Local-first is the correct approach as the end computers are significantly more powerful than 30 years ago. Plus, we can transport bitmaps far more efficiently with compression, so it’s quite obviously an improvement on every metric, it is pretty shortsighted to note it down as circular development.

2 comments

"no one uses xmotif and similar GUI libs, they just grab a buffer and paint stuff themselves, making the X protocol an inefficient format to carry bitmaps around."

While true for things like firefox, and GUI libs that think they know better than the host, its not ideal, and entirely dependent on the language/toolkit being used. And it's a side effect of X being too low level and not having a standard widget toolkit as one gets on Windows/mac. On those platforms, it's not just the widgets but file open dialogs provided by the OS, skinned consistently across applications, and things like global keyboard shortcuts (ex, copy/paste) tend to work close to 100% of the time.

If one goes back to the win3.x/macos7/etc timeframe it was almost unheard of for applications not to follow system wide color themes. WHich is why "dark mode" 1995 worked more reliably than it does on any platforms today. Today, doing something like inverting to a "dark" theme is suddenly something that each application hacks in, and when the OS provides a theme option, the applications frequently don't follow it correctly/etc.

I'm glad I found this thread, firefox really jumped the shark with remote x at some point, it always confused me why this happened all of a sudden. All I could find out from googling was the wayland thing and all of a sudden how x over the network wasn't cool anymore lol
I'm not sure this is true for apps that commonly forwarded though? My impression is tk for example uses xlib heavily and so has much better behaviour over the network than GTK, and the majority of apps I've seen where the audience uses X forwarding commonly seem to be using tk.
Somebody in a thread the other day lamented how almost always X clients are sensitive to network drops. And the suggestion is to use Xpra! (It’s “like tmux”) Xpra doesn’t forward X though, it is a rootless X server that then forwards everything as compressed bitmaps like VNC. It’s a nice homage to how awful X is even at its one oft purported benefit around here.
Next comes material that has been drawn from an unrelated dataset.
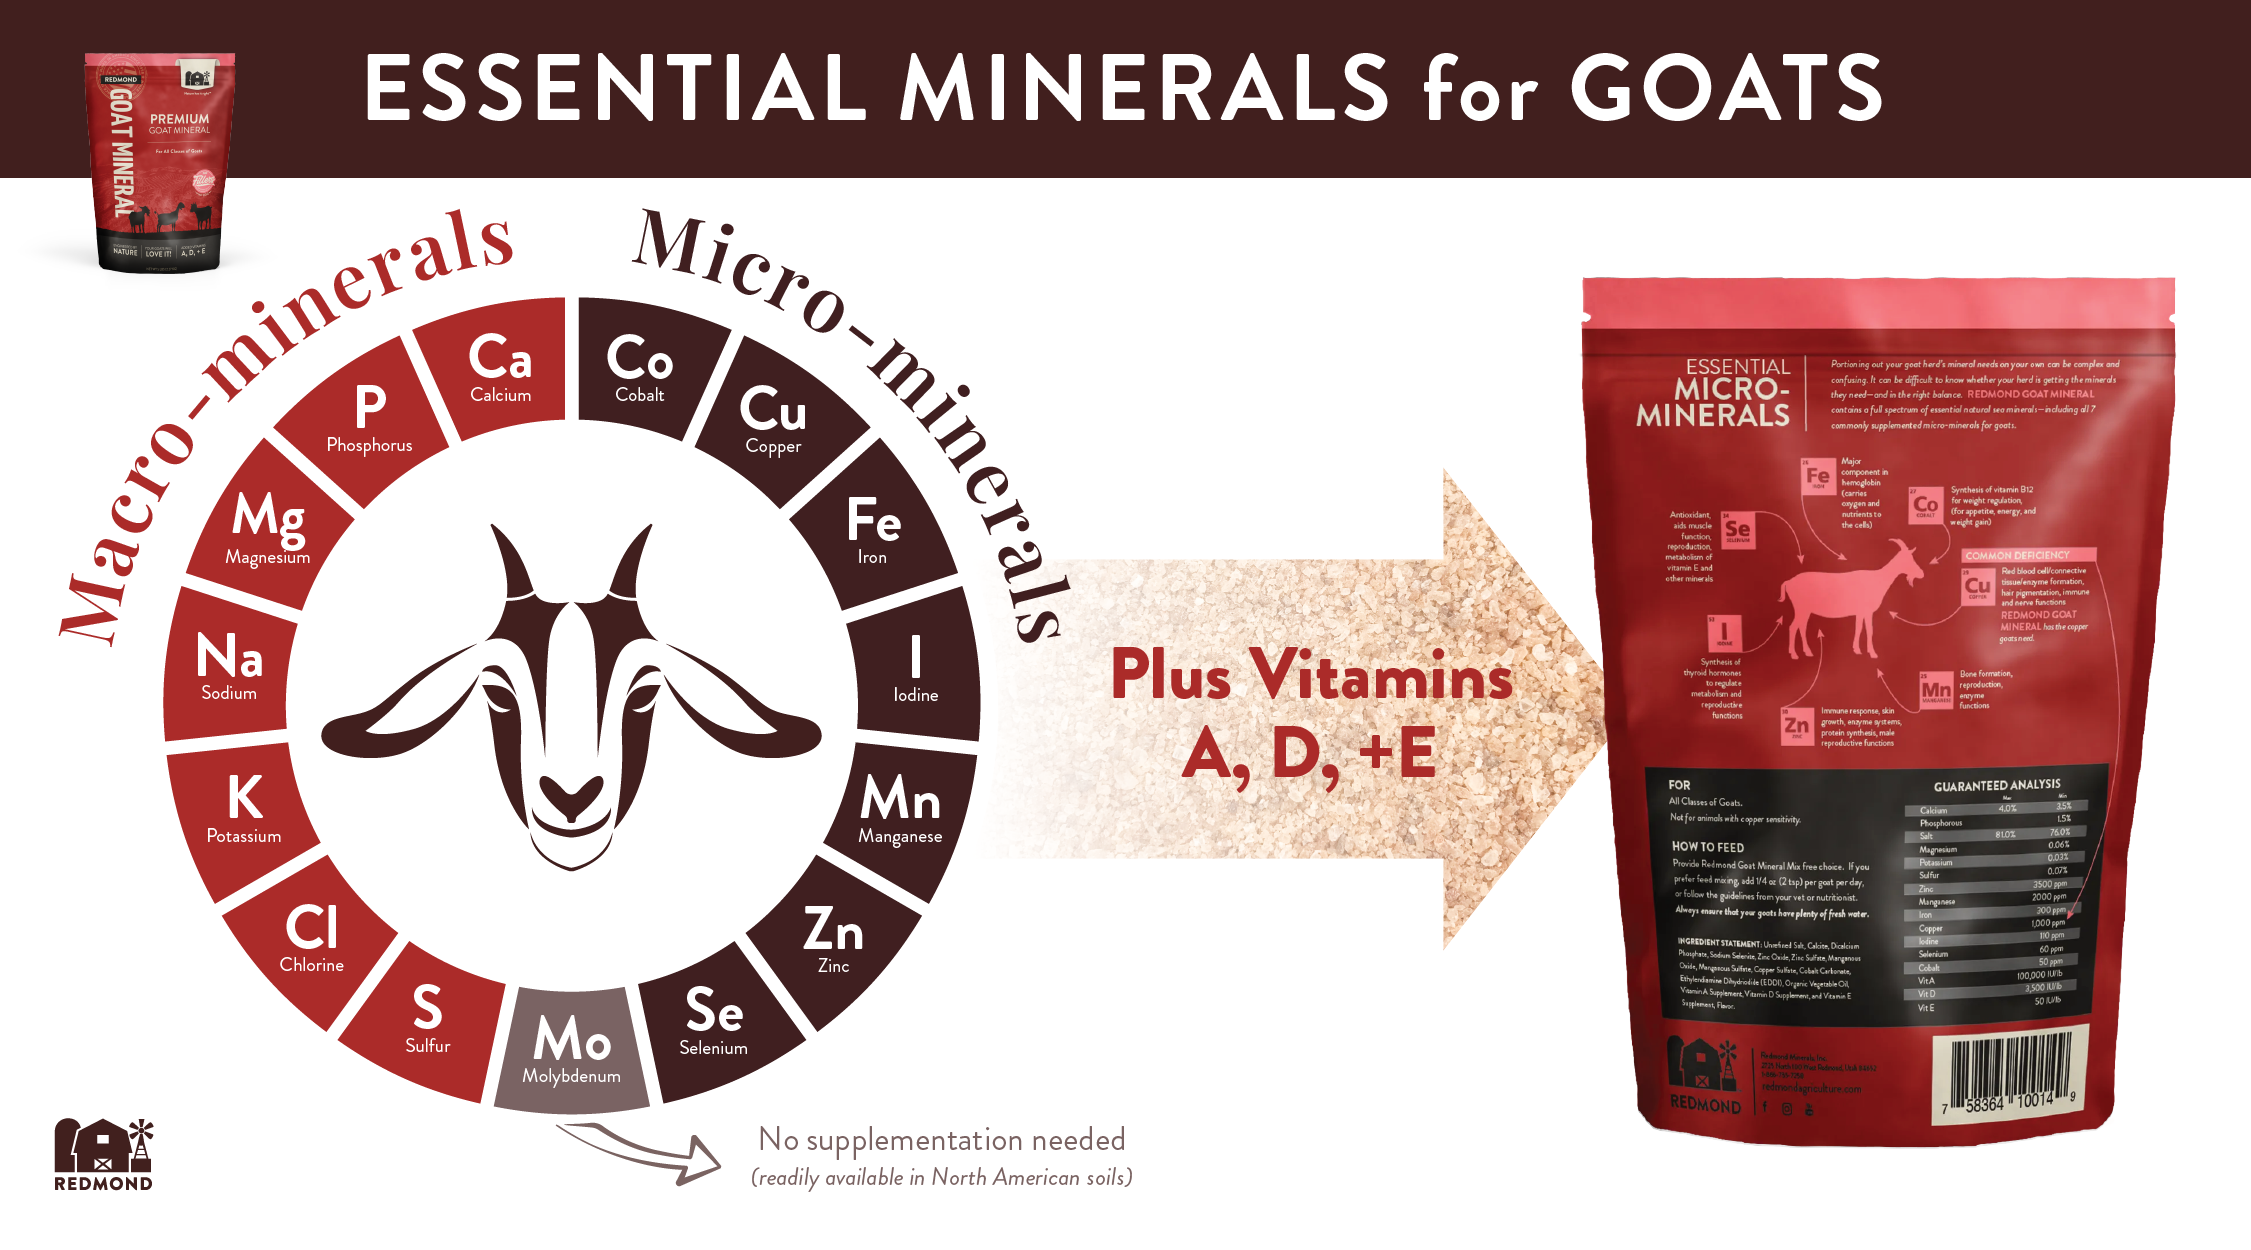 Minerals that goats need

X11 network transparency is a pretty poor technology, one can go through each of the “Fallacies of Distributed Computing” document to understand why.

and instead of x12 modernizing the network and access layer, breaking backwards compatibility with x11, they dropped those two features, and rewrote everything else which worked, and broke backwards compatibility.

it's hard to defend.

I’m fairly sure the very maintainers of X11 knew more about the topic than you. And you get backwards compatibility with stuff like xwayland.